What is your main goal for this year?

As I was saying at the very beginning, I came to Nashville because I want to work in Nashville. Like producing records, it’s really how I want to be spending my time. I think, more than any other aspect of my musical career, producing would be front burner. So that is what is going on. I have my own small label, which we haven’t really put it out there in the public eye yet but will be soon with the release of a guitarist based in New York named Jeff McErlain. It’ll be my second release on my label, which is called 13J Records.

Where did you find him?

Jeff does a lot of guitar instruction. He lives in Brooklyn and he and I both do quite a lot in the realm of producing instructional materials for guitarists through a company called TrueFire, which is probably the largest and most successful company in the realm of guitar instructional materials. Jeff was a fan of mine and knowing that I was coming into TrueFire and them knowing Jeff as a great resource, they agreed for Jeff to come in and help out with my first DVD with them and we became friends. Since then, I’ve done a guitar camp for the last five years in the Catskills and Jeff has been one of my instructors and he’s been on the road with me as a second guitar and I said, “Do you want to do a record for my company?” and he said yeah.

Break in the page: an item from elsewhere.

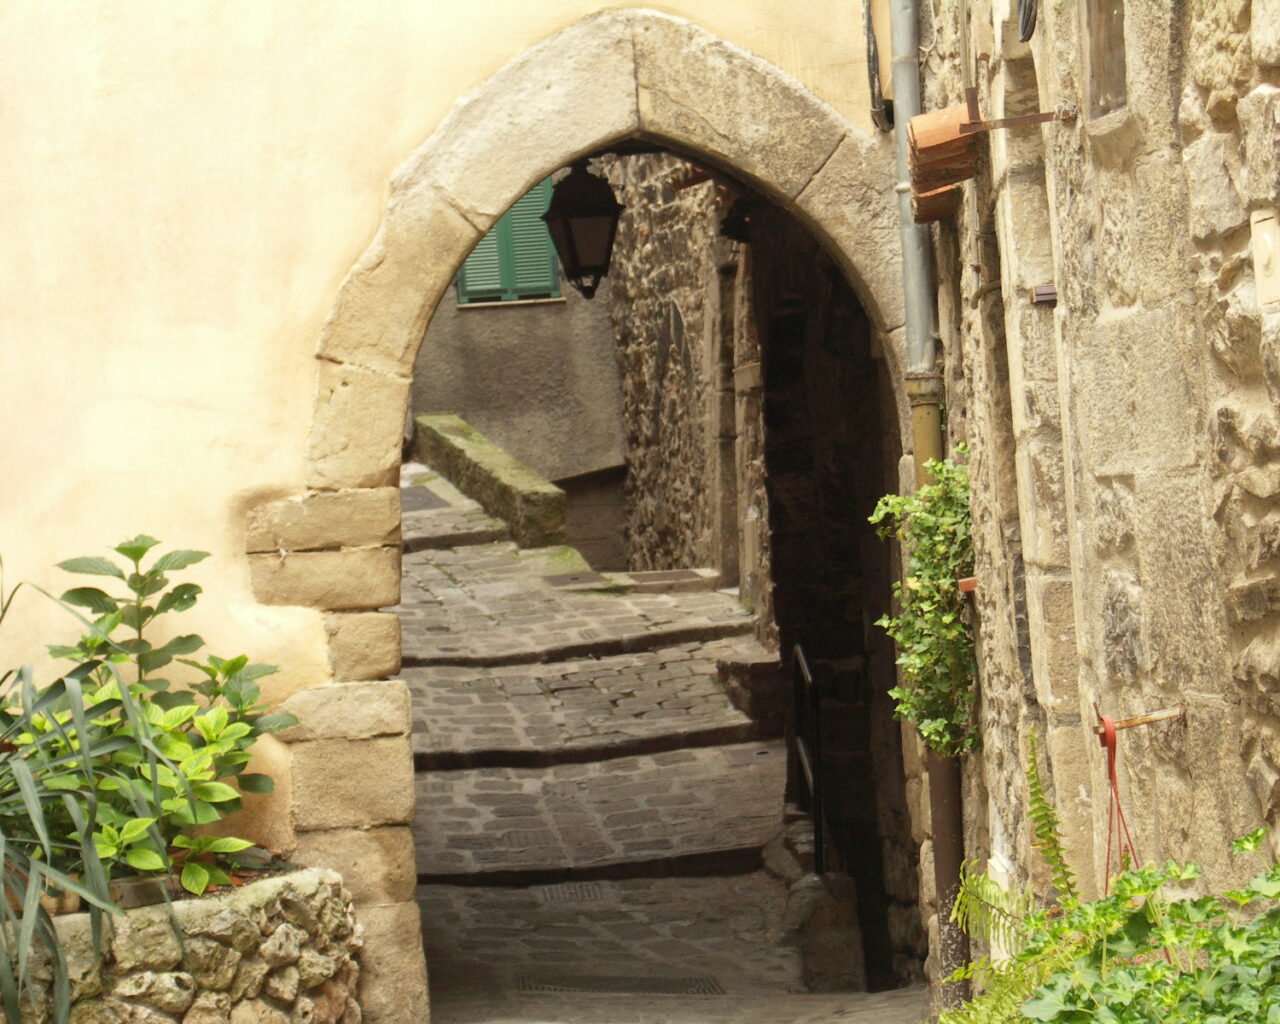 03 Arche et passage voûtés avec de petits escaliers

So we’ll kind of raise the curtain on that in the middle of the month through social media and have the record available on a variety of platforms. I’m excited about that so it’s important for me to stay here in Nashville, to work in Nashville – producing, recording, writing, teaching, all those things that you can do if you stay in one place. So touring, I am bringing to a minimum and only doing things that I really want to do and that are truly rewarding.